Wednesday, June 30, 2010

How to Ruin a Behaviour Intervention for an Autistic Child

Autism season is just around the corner, which means a lot of autism interventions lie in your path. In order to make the intervention as unsuccessful as possible, below are a few tips for how to approach your next childhood autism intervention.

1. Late detection is key to making a behaviour intervention fail. Convince the parent of the children that they are overreacting, and that there is nothing wrong with their child. Explain that some children are just shy, and there's no point in testing for autism until one's late 30s. Call the child's doctors liars and leave the family a Church of Scientology leaflet.

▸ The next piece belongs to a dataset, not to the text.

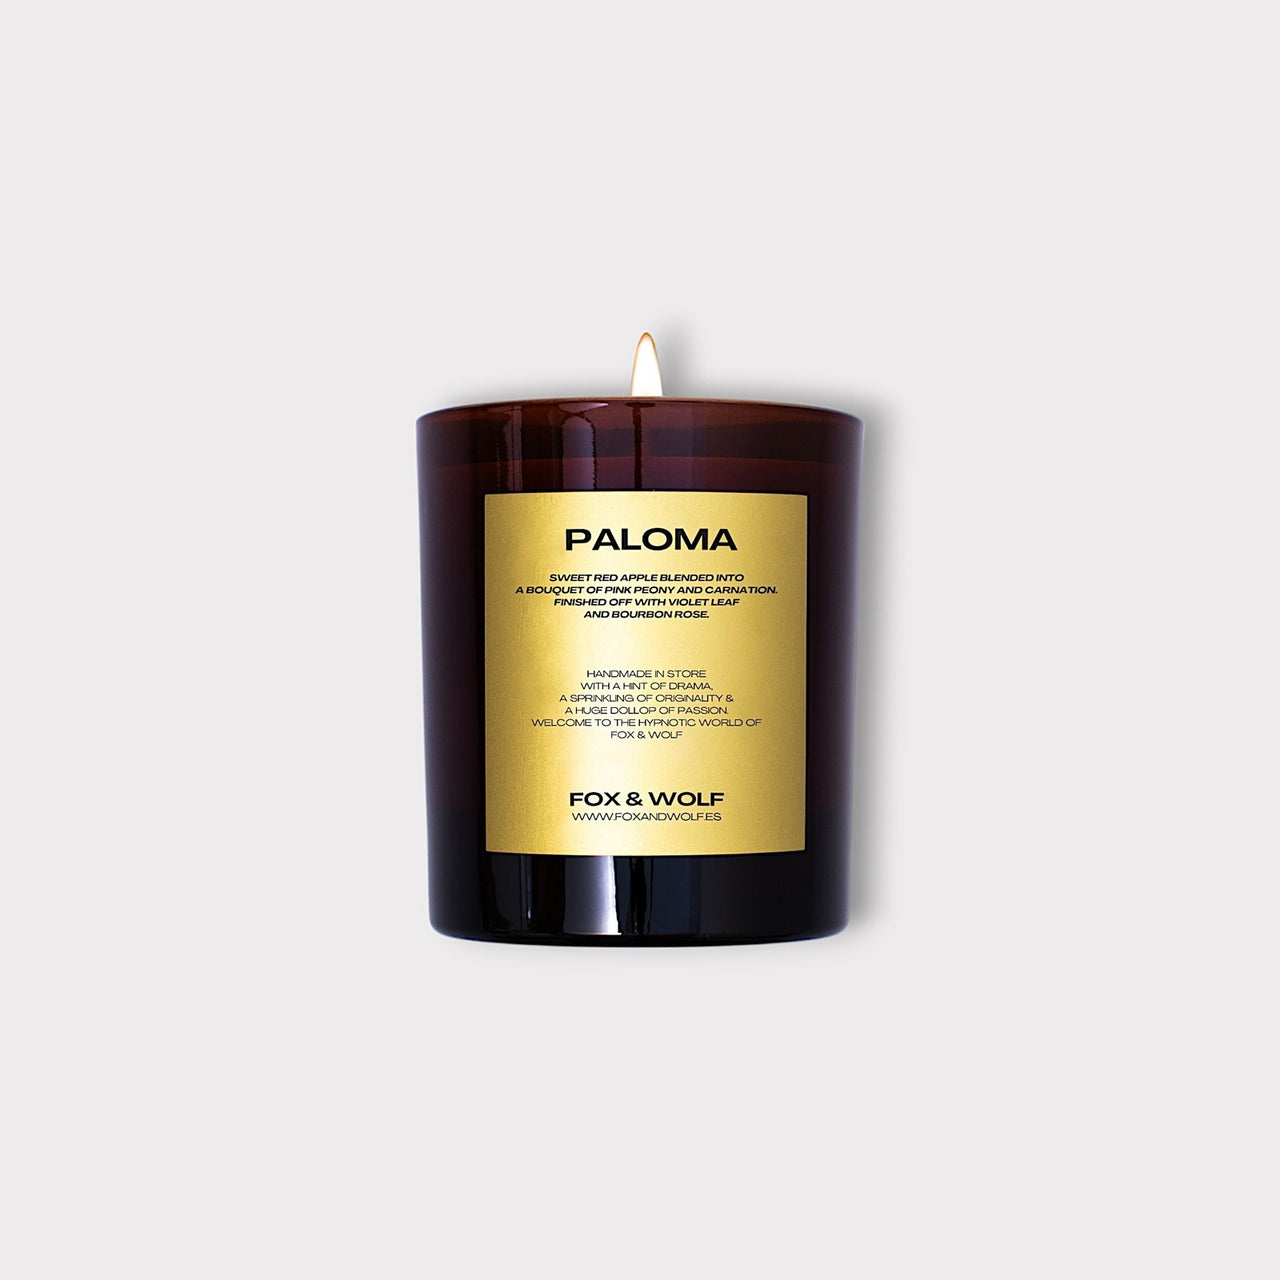 300 G PALOMA SCENTED CANDLE

2. Target as many troublesome behaviours at once. Different negative behaviours are likely owing to different causes, and thus require different solutions. Try to confuse these behaviours, causes and solutions as often as possible. Talking over the top of others can be helpful here.

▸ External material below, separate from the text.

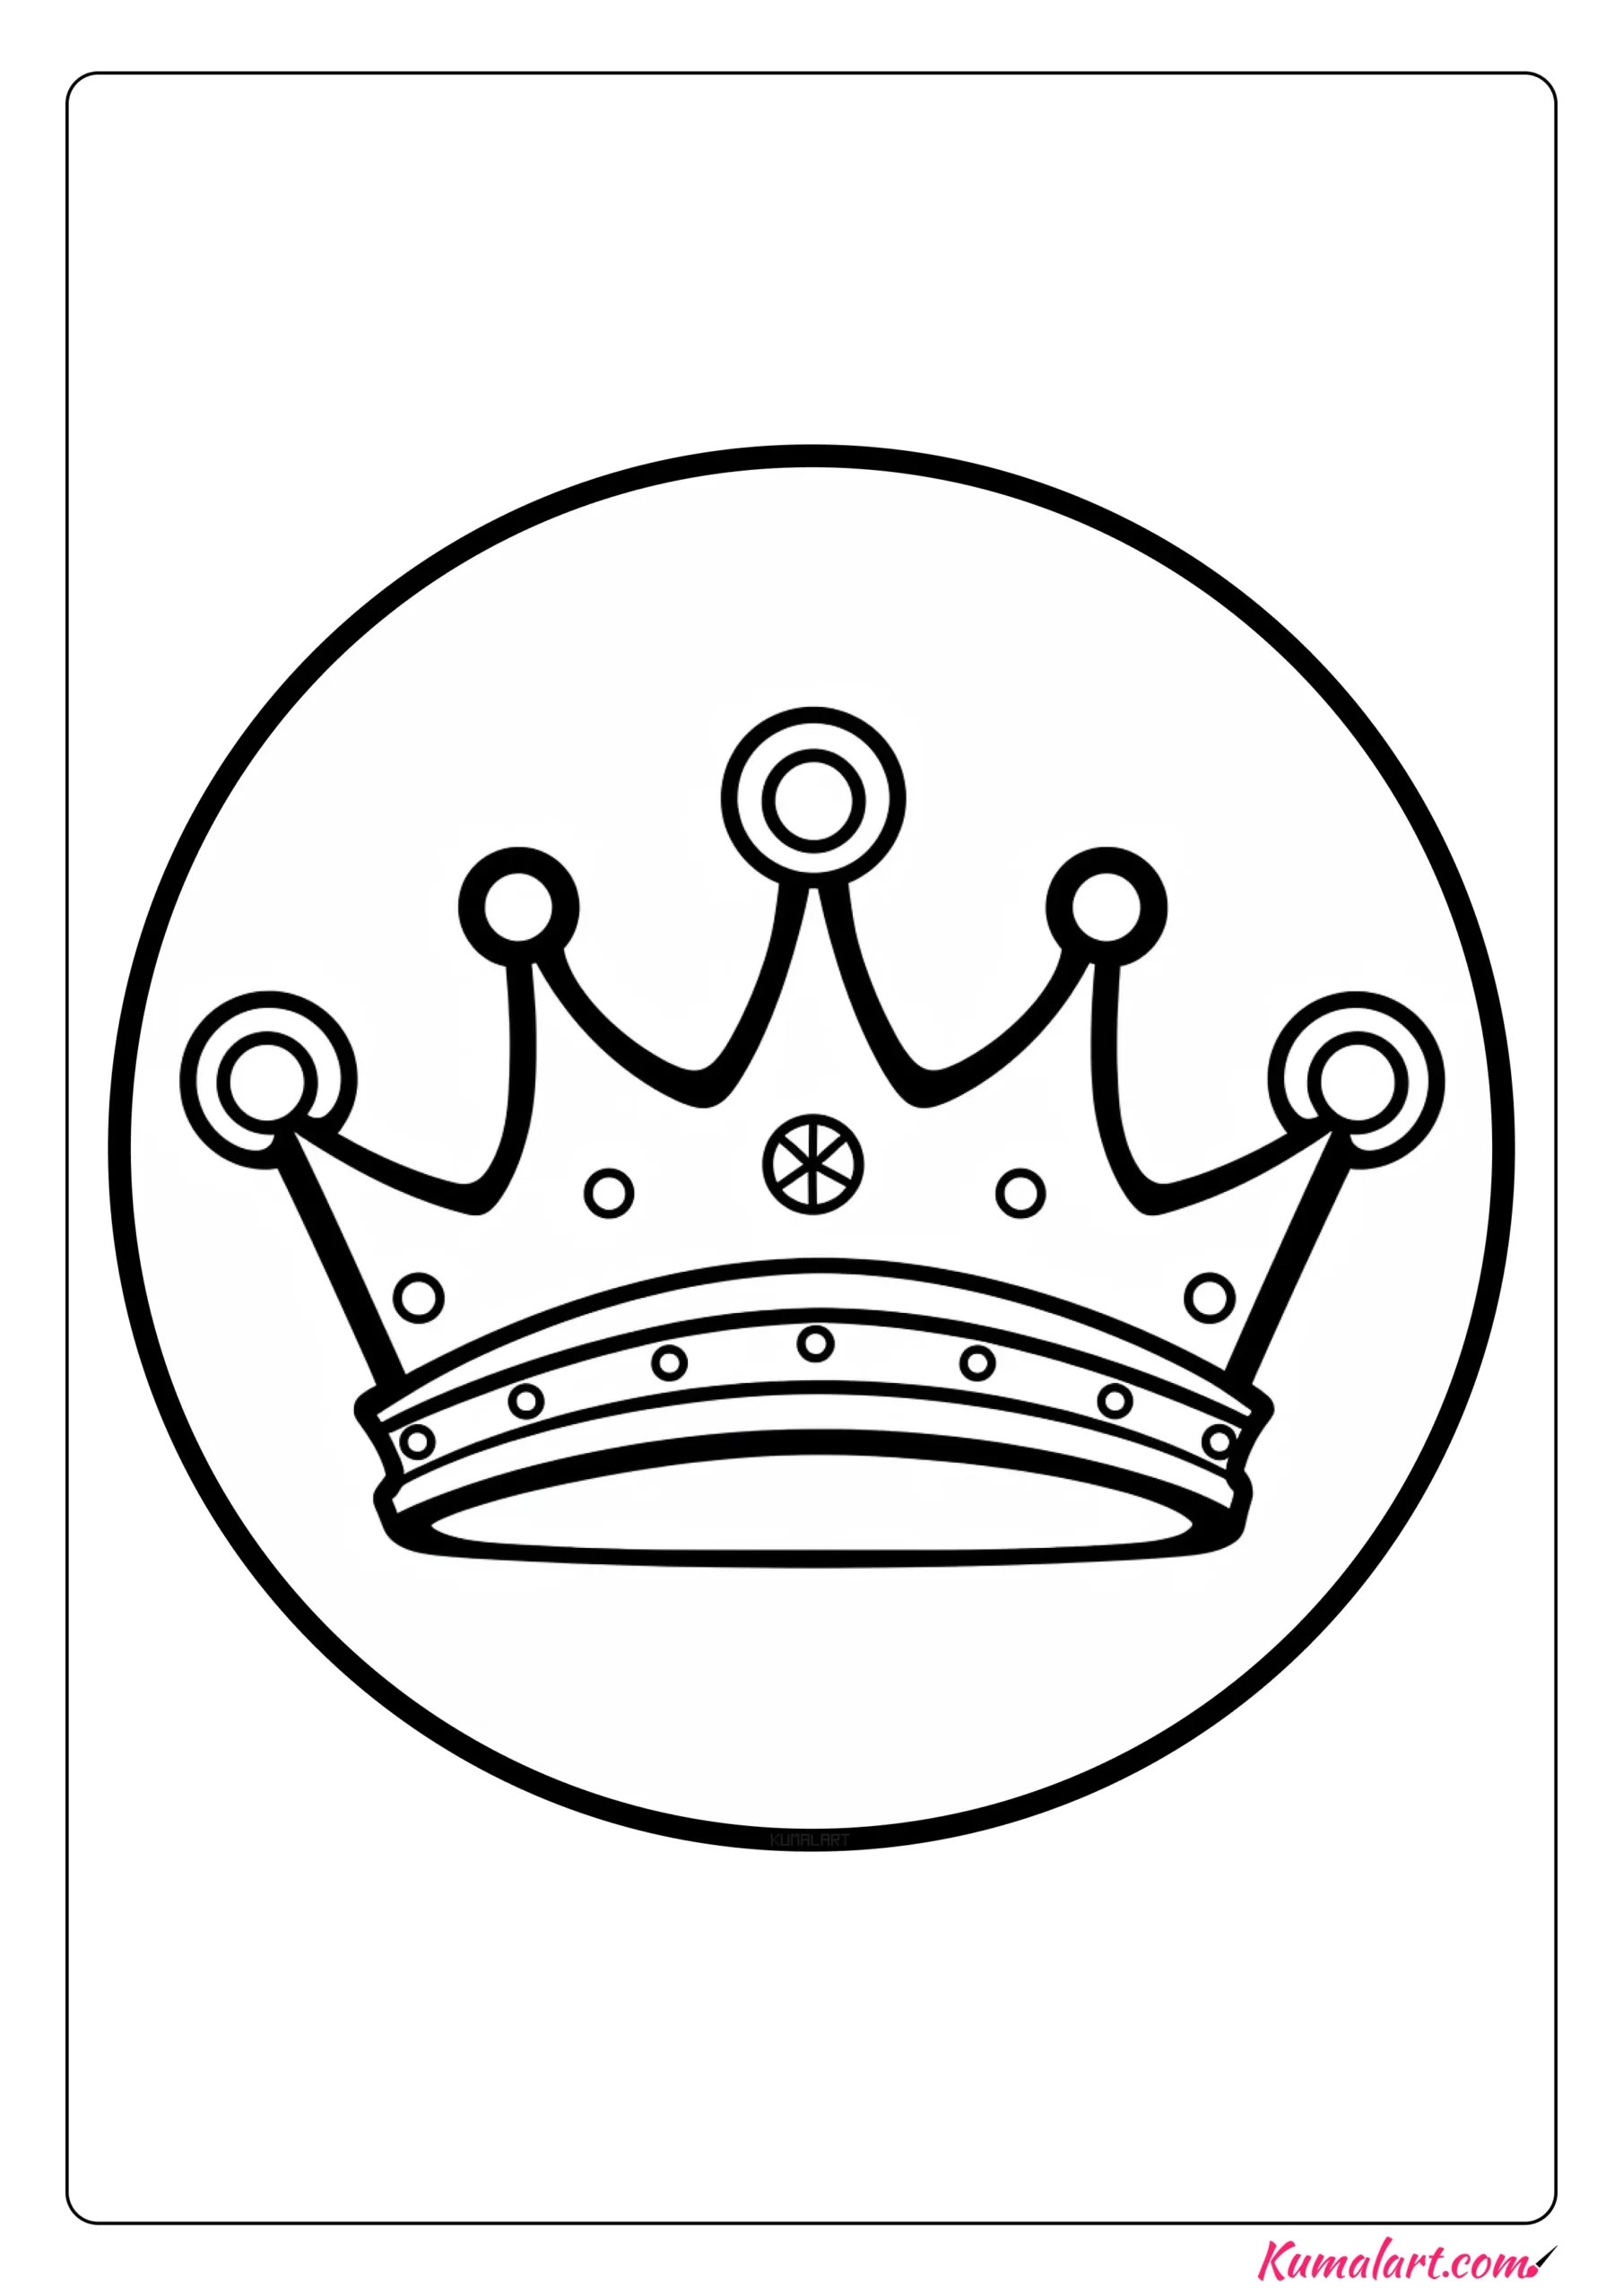 Holy Princess Crown Coloring Page

3. To muddy possible reasons for the autistic behaviour, tear up the parents' log of the child's behaviour. Most parents with autistic children are concerned and have done their research, meaning they probably have brought a large pile of notes about what happens before each behaviour, the behaviour itself, and what happens after. If you don't tear it up, at least steal it.

4. Provide a way for the child to get their need met in an appropriate way... and then fail to supply that need. Many autistic children can be taught simple things, such as to ask for a snack. Getting the snack is a reward for the child's communication and a good step on the path to overcoming the challenges of autism.

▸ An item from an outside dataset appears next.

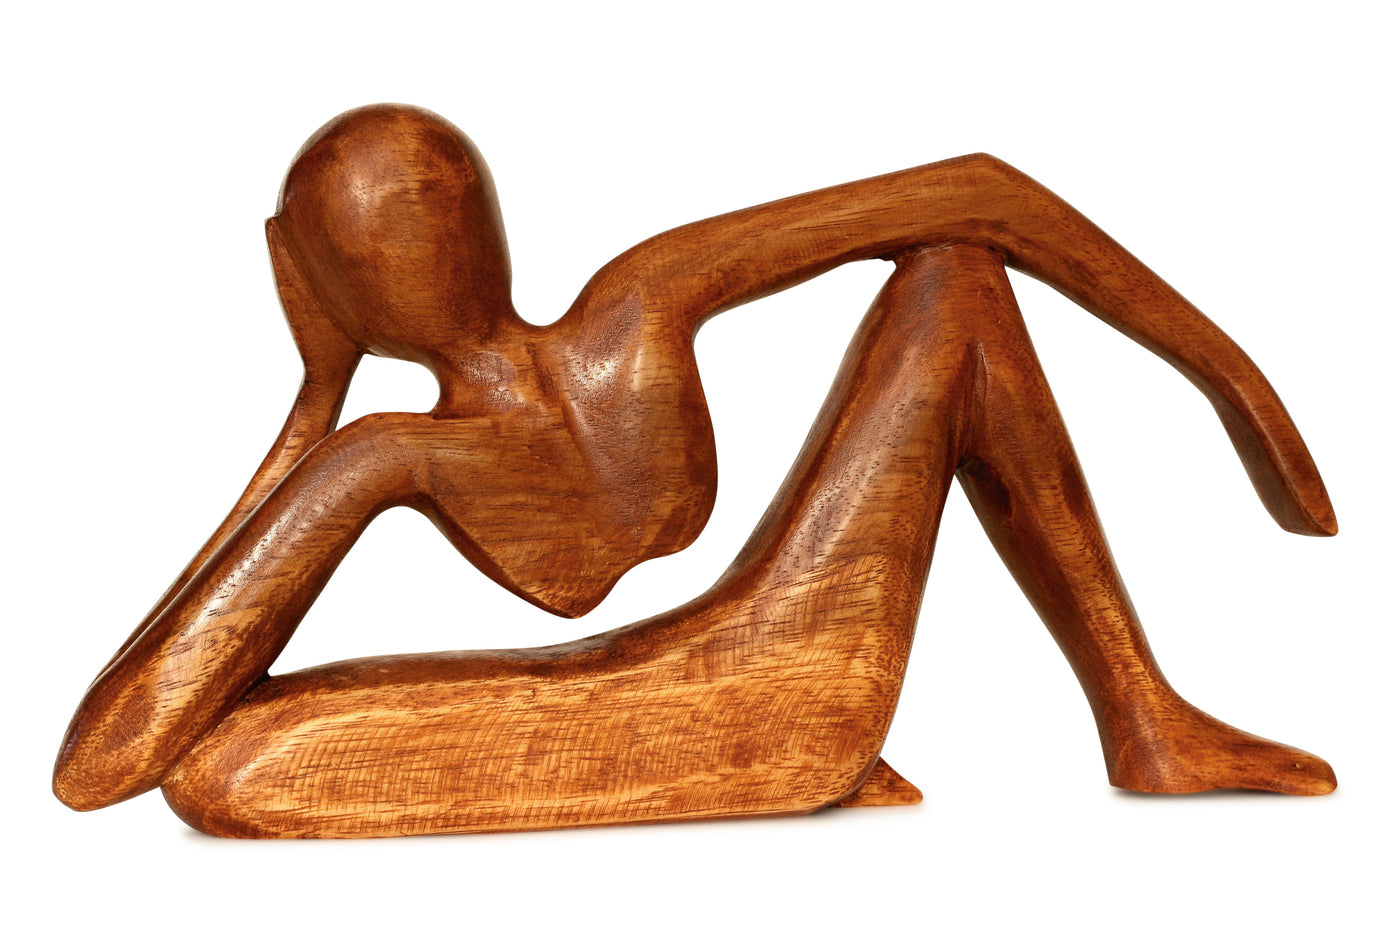 12" Wooden Handmade Abstract Sculpture Handcrafted "Relaxing Man" Home Decor Decorative Figurine Accent Decoration Hand Carved Statue

After the child has been taught to expect the snack, discontinue this reinforcement. Once a month or so, offer the child a snack when they haven't asked for one, then slap them across the face if they display pleasure over the snack.

5. You must lose the child's trust if you want results. Once a child has learnt to trust an adult, they will more likely attempt to communicate with this adult.

If you come across as caring at the intervention, the child may open up to you. Nip this in the bud by showing up at the intervention dressed as an obvious pervert, or make inappropriate comments that force the parents to eject you from the intervention before it even starts.